Home > OS >  Spring Webflux - "scanAvailable": true
Spring Webflux - "scanAvailable": true

Time:04-30

I'm using a RouterFunction to define endpoints in my Spring Boot application. My service returns a Mono<Object> and I want to return the result of this when the endpoint is called. I also need to authenticate so I pass a UserPrinciple object through.

Router

@Bean
RouterFunction<ServerResponse> router() {
    return route()
            .GET("/api/endpoint-name", this::getExample)
            .build();
}

private Mono<ServerResponse> getExample(ServerRequest request) {
    return ServerResponse.ok().body(fromPublisher(getUserPrincipal().map(service::getSomething), Object.class)).log();
}

private Mono<UserPrincipal> getUserPrincipal() {
    return ReactiveSecurityContextHolder.getContext()
            .map(ctx -> ctx.getAuthentication())
            .map(auth -> auth.getPrincipal())
            .map(UserPrincipal.class::cast);
}

Service

public Mono<Object> getSomething(UserPrincipal userPrincipal) {
    WebClient webClient = getWebClient(userPrincipal.getJwt());

    return webClient.get()
            .uri(uriBuilder -> uriBuilder.path("another/server/endpoint").build())
            .retrieve()
            .bodyToMono(Object.class);
}

The endpoint is returning this:

{
    "scanAvailable": true
}

which suggests that I'm passing the Mono into the body of the response instead of passing in the result. However I've used fromPublisher which I thought would resolve this.

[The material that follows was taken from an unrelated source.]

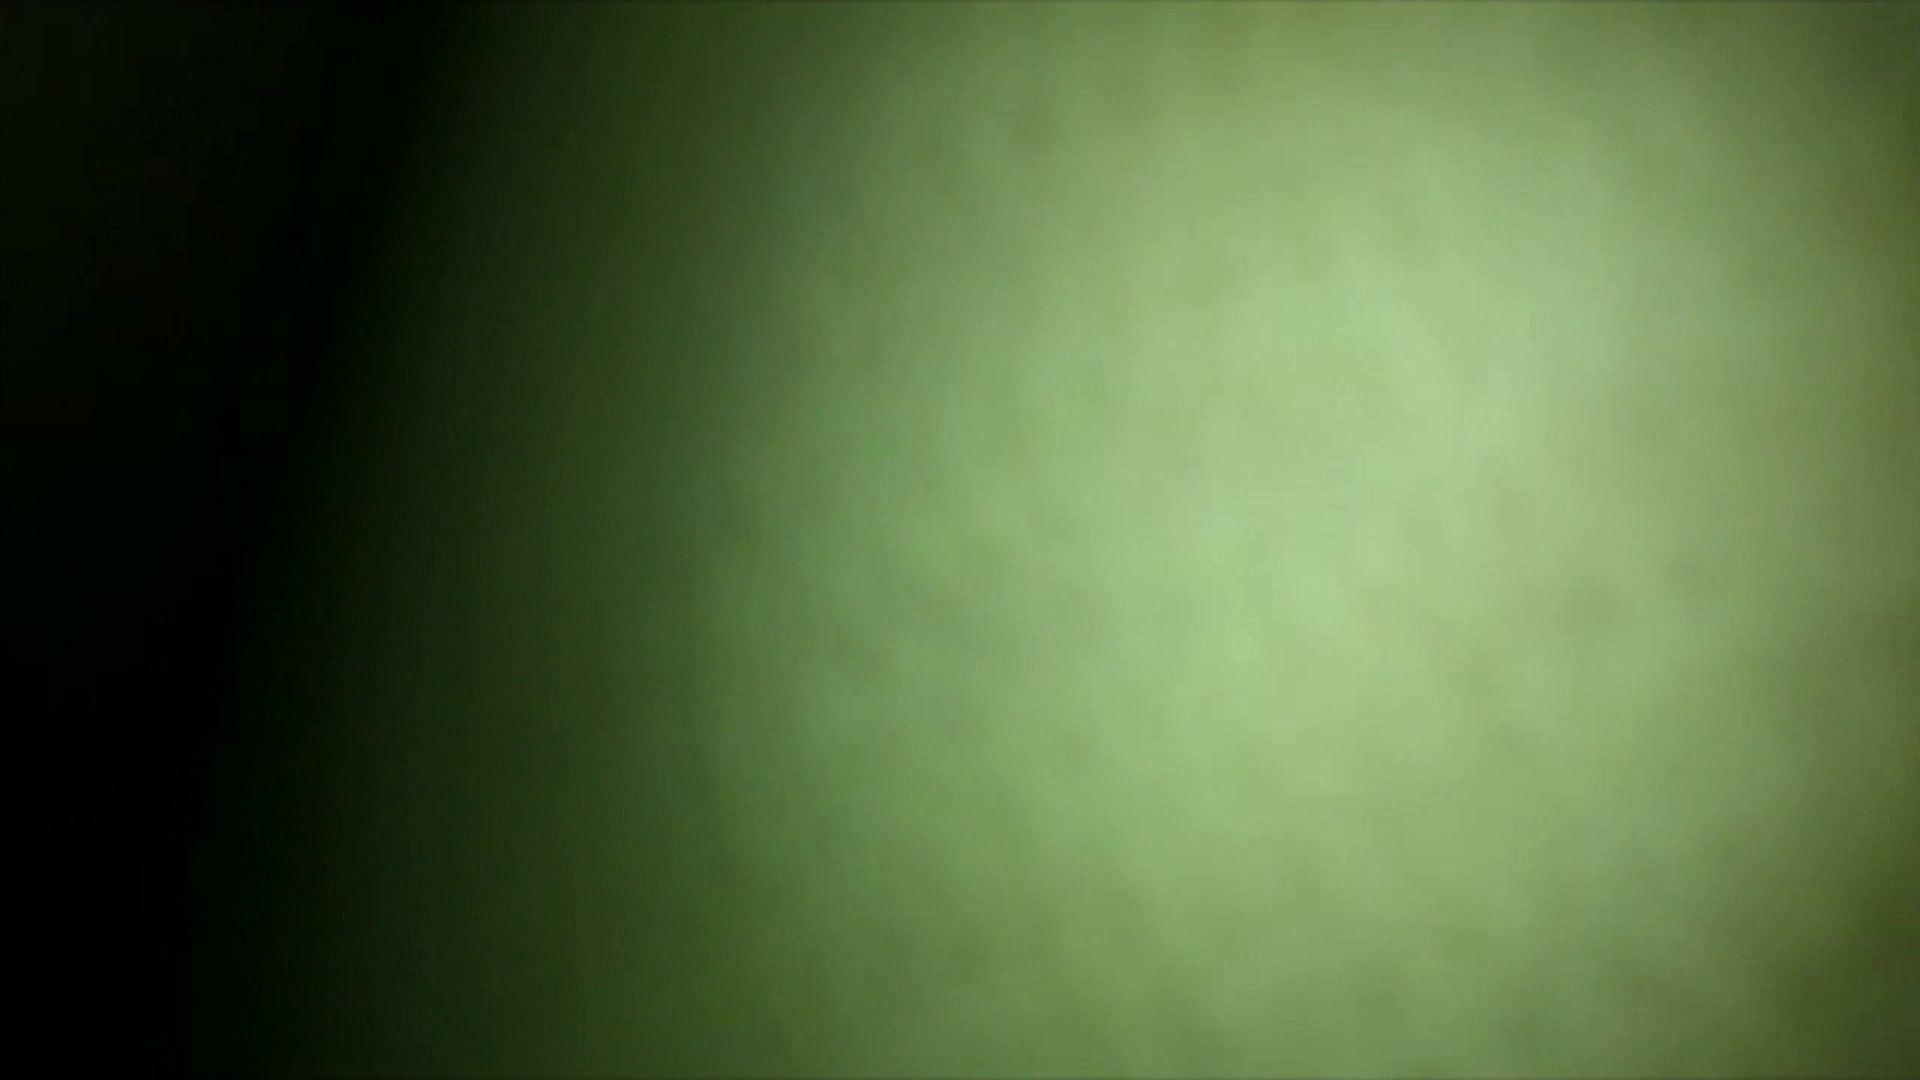 vol.22 【YHちゃん】パルコ店員20歳 mixiオフ会で お姉さんの胸チラ  77画像 8

I can't find any examples where the service returns a Mono and the route correctly returns the result of the Mono.

How can I correctly pass a Mono/Flux as the body of the response?

CodePudding user response:

im not going to explain the difference between mapand flatMapsince i have already written a quite comprehensive explanation here:

Do you have a test to show differences between the reactor map() and flatMap()?

The problem in the above code is the return of Object. And input parameters of Object into certain functions. The first function is pretty straight forward

Mono<UserPrincipal> = getUserPrincipal();

While the second one gets a bit more hairy:

Mono<Mono<Object> value = getUserPrincipal().map(service::getSomething);

So why are we getting A nested Mono?, well the get something returns a Mono<Object> and the Map return according the the api is Mono<R> where R is what we return from getSomething.

We then stick it into the fromPublisher which will unrap the first Mono ending up trying to serialize the Mono<Object>resulting in the strange response.

{
    "scanAvailable": true
}

The answer here is pay more close attention to the type system. The body function takes a Publisher (Mono or Flux) so you don't need the fromPublisher function.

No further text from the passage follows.